American gridiron football player (born 1991)

Alex Tillman (born May 29, 1991) is an American former professional football defensive back and punt returner who played for the BC Lions of the Canadian Football League (CFL). He attended the University of North Dakota and the University of Houston.

== Early life ==

Tillman attended North Shore Senior High School, where he played high school football as a quarterback. He earned three district championships at North Shore, and was named the Offensive and Team MVP during his senior year with over 2,000 passing yards and 500 rushing yards.

== College career ==

Tillman first played college football for the Houston Cougars. After redshirting in 2010, he played in 26 games on defense and the special teams from 2011 to 2013. Prior to the 2014 season, Tillman transferred to the University of North Dakota to complete his final year of eligibility. He recorded 31 solo tackles and a 92-yard interception for a touchdown in his final season, playing as a cornerback. He also returned 14 punts for 237 yards, including a school record 95-yard punt return for a touchdown.
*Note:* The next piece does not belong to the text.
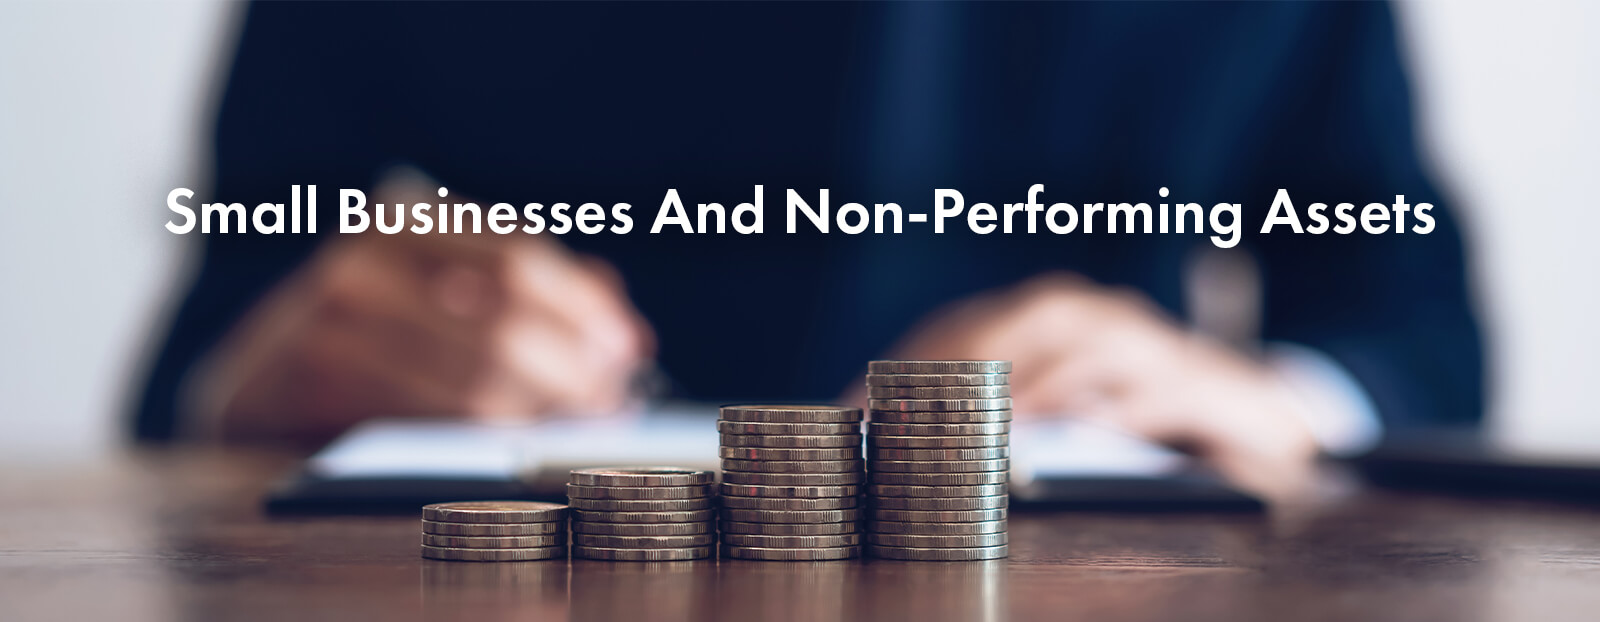 Small Businesses And Non-Performing Assets

Tillman was designated an all-conference punt returner in the Big Sky Conference and received an honorable mention as a cornerback.

== Professional career ==

On May 27, 2015, Tillman was signed by the BC Lions as a free agent. He was among several potential candidates to replace Tim Brown as the team's kickoff returner during the preseason, and was also looked at as a potential punt returner. After making the active roster, Tillman made his CFL debut on July 4 against the Ottawa Redblacks, recording a tackle and returning three punts for 22 yards.